How to market to Generation Y

If you're able to keep these strategies in mind when marketing to Generation Y today, you'll secure a lifelong customer in the future as we evolve into mature adults and parents.

  1. Appeal to our ego, our parents, AND THEN our senses. Your products and services should appeal to our individuality, but they should also be something we can share with our Baby Boomer parents. Again, brands such as the Gap and Nordstrom have successfully managed to offer products that both generations find appealing. Another reason these brands have been so successful is because their strategic choice of music, lighting, color palette, layout and visual merchandising appeals to Generation Y.
  2. Minimize the television ads. We were glued to the tube as kids. We've learned to tune out traditional advertising methods. Convey your funny or emotional messages to Generation Y via guerilla, viral and social media marketing first, then supplement with traditional advertising. Another tip: We love word-of-mouth referrals and celebrity endorsements.
  3. Offer a new take on promotions. If your store is at or near a location where we spend the majority of our time (shopping malls, concert arenas, theme parks or movie theatres), incorporate these locations into your promotions. Consider cross-promoting with these venues as well.

What we've learned

We're self-important. We're spoiled. We're passionate. We're multitalented. There may be multiple attributes to our personality, but retail remains the constant means through which we express ourselves. Yes, excellent customer service and quality products are important, but we're buying products from companies whose campaigns are expansive.

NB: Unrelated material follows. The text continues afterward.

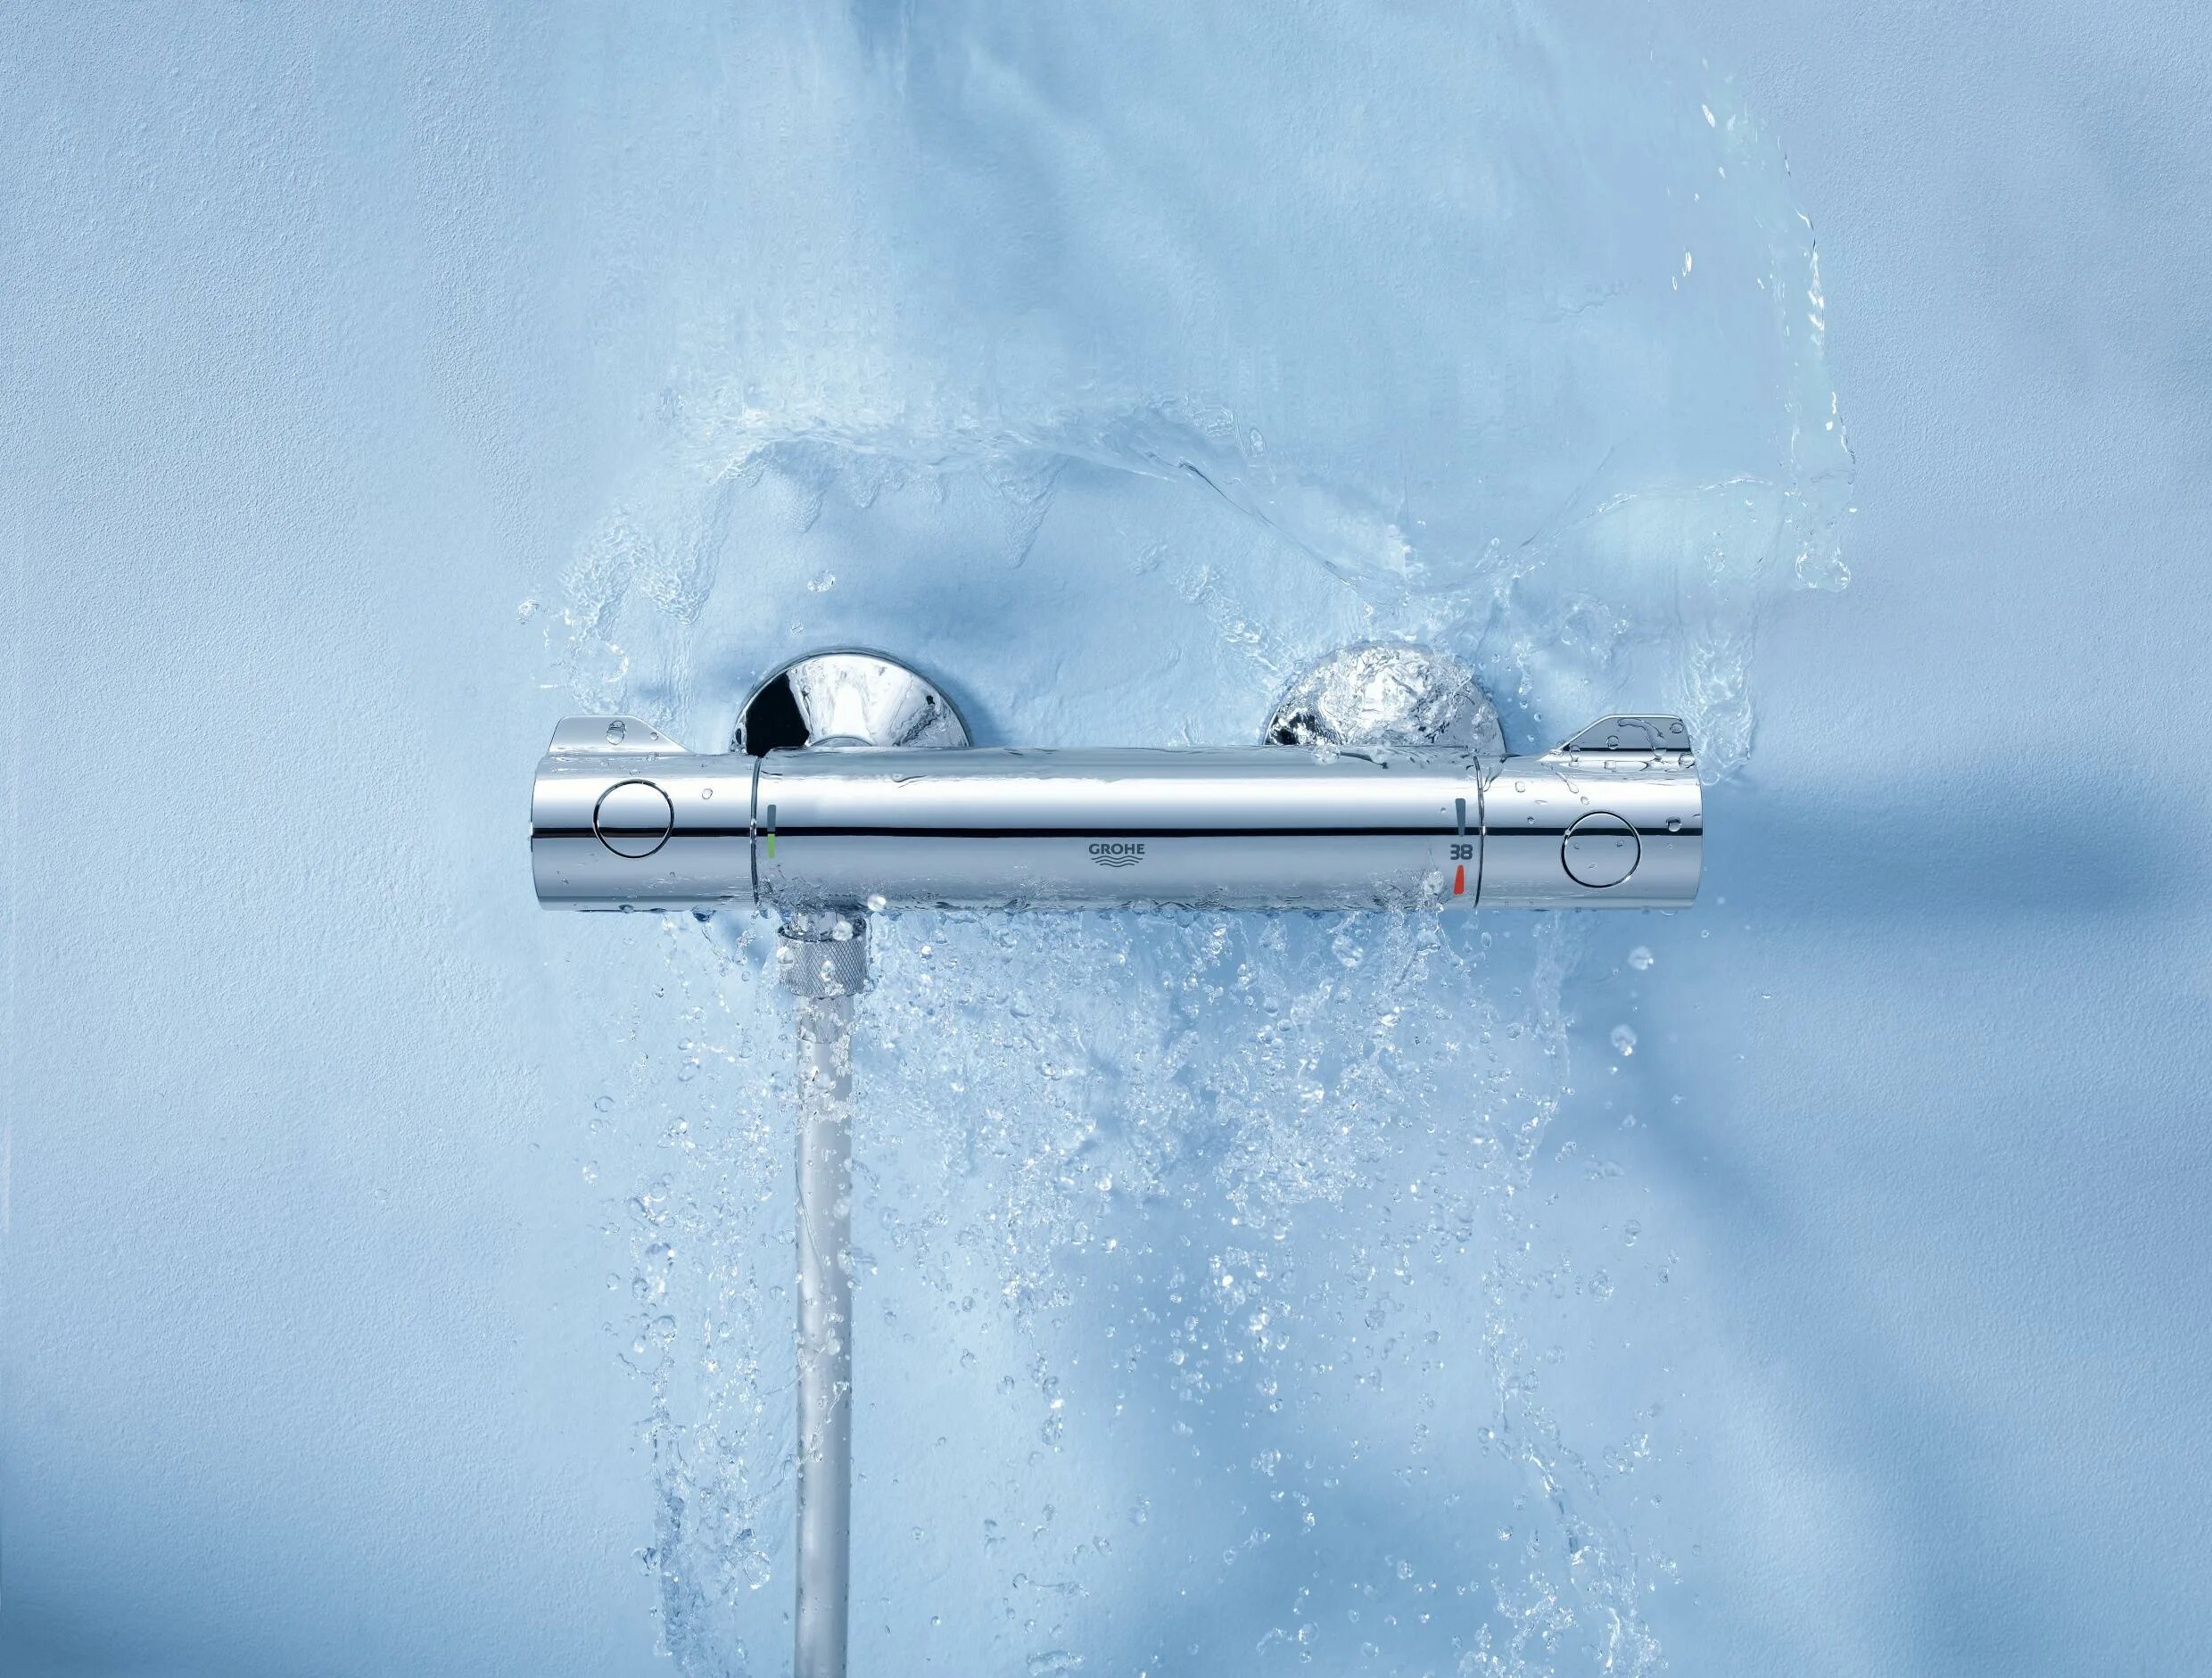 Grohe Grohtherm 800. Grohe Grohtherm 800 34558000. Термостат Grohe Grohtherm 800. Grohtherm 800 34558000.

If James Cameron's box-office bonanza "Avatar" taught us anything, it's that studying is the first step toward profiteering. Like the Na'vi, for many retailers Generation Y are aliens that leave them confused. The only thing that's predictable about us is our unpredictability. Our personalities and shopping patterns are so vastly different from what was previously exhibited by Generation X. Sorry, but we turned out to be nothing like our older siblings.